Just bought a property on STX. Stamp tax was paid by the seller with no attempt or mention that it was a negotiable fee that could be split or paid by the buyer. The amount of the stamp tax was based on the sales price of the home.
Alana, I didn't know that had changed, but isn't the valuation on the tax bill "usually" lower than the selling price, anyway? I took StCroixBeachBoy's post to mean the private appraisal done for the sale....no??

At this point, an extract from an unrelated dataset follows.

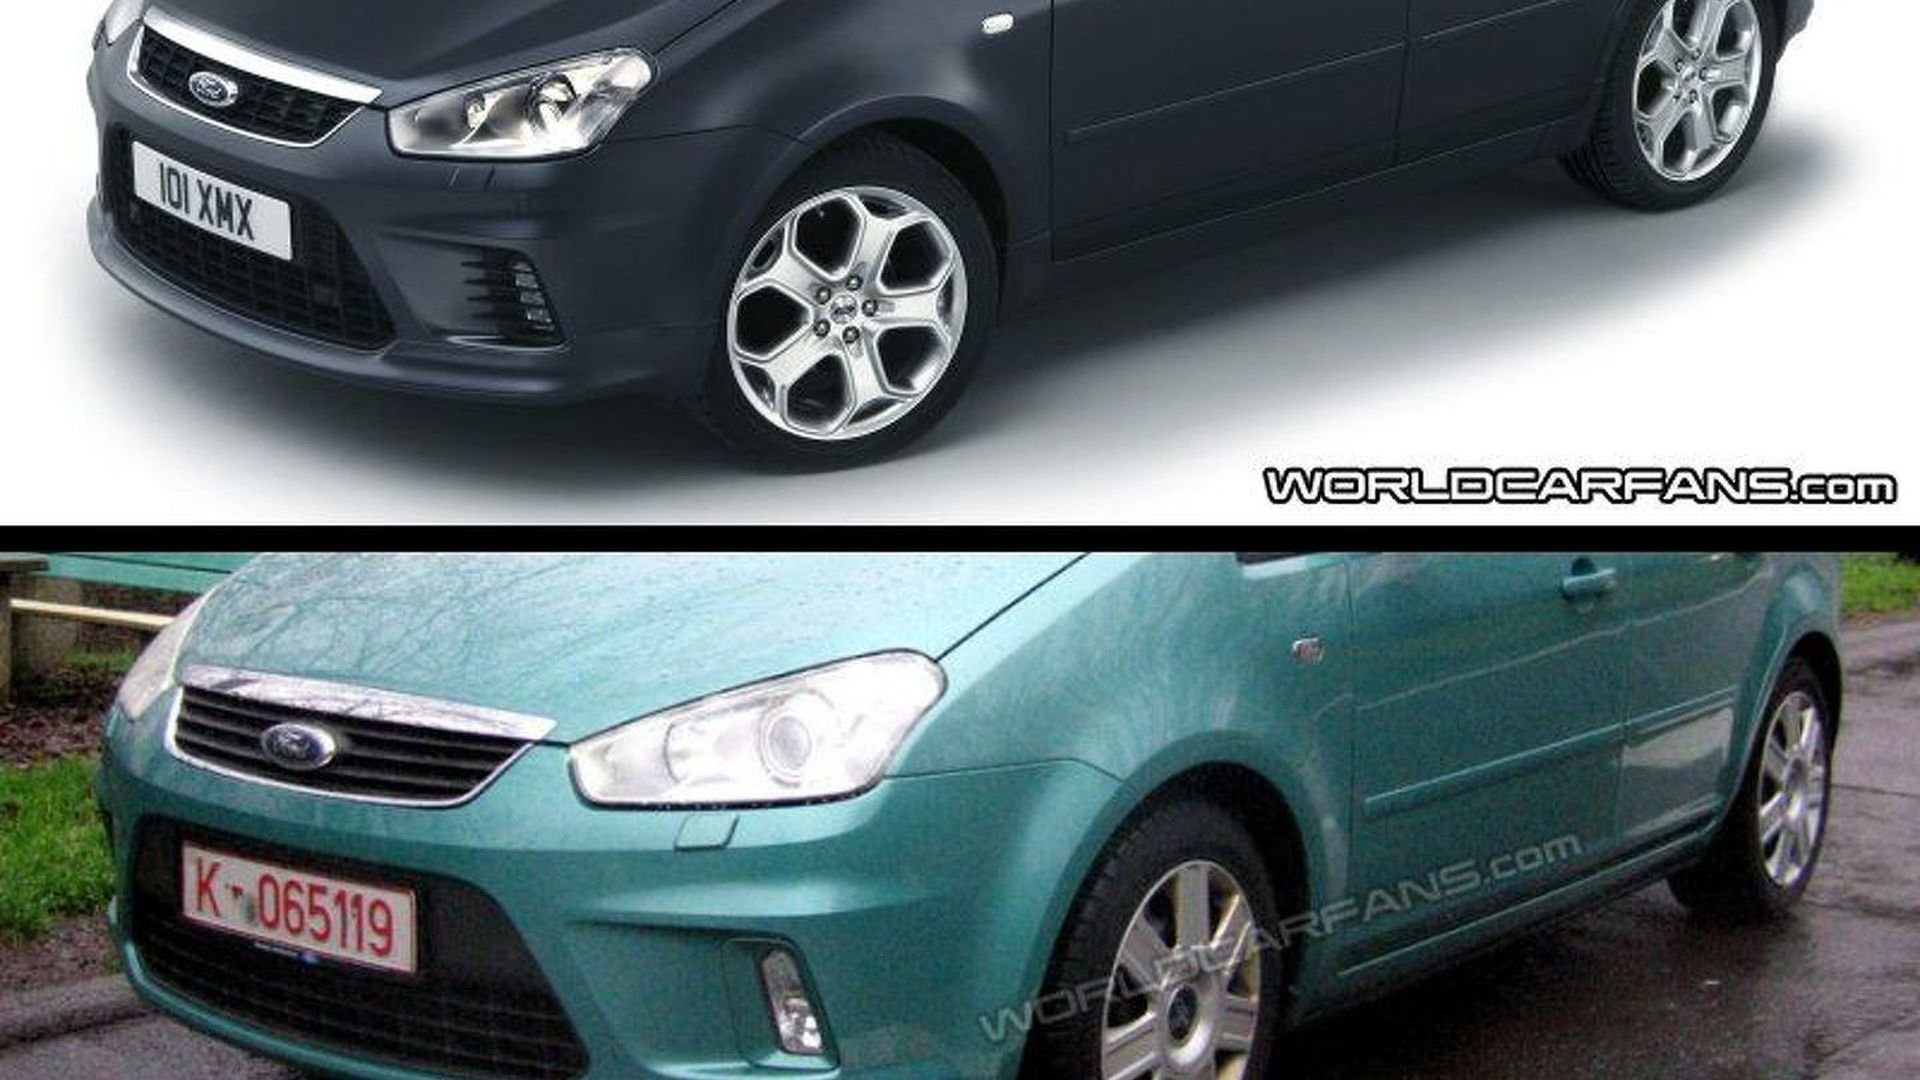 SPY PHOTOS: Ford C-Max Revised - Again

The property tax bills have come out much higher for many properties especially in STJ but here on STT as well, which is why there have been so many requests by individuals for revaluations on their property tax bills and it's taking forever for the tax office to get them done. I'm still awaiting results for the 2012 and 2013 bill I put in a request for. I had to add the 2014 bill to the list and will probably have to add 2015 which hasn't come out as yet.
It used to be that the bills were lower but that's changed recently, within the last year or so, 2012 - 2013 and tax bills forward since the VI government is using a new system to come up with their values.
Some of the property tax bills I've seen do not reflect reality at all.
Frankly, some of the bills reflect a price much higher than what a property could sell for in the current market. Hence all the appeals.
The government doesn't use the private appraisal but either the sales price or the property tax bill value and whichever of those two is the higher amount.
As mentioned, sometimes seller pays, sometimes buyer pays sometimes it's split between seller and buyer.
It's not written in stone. Just depends on seller.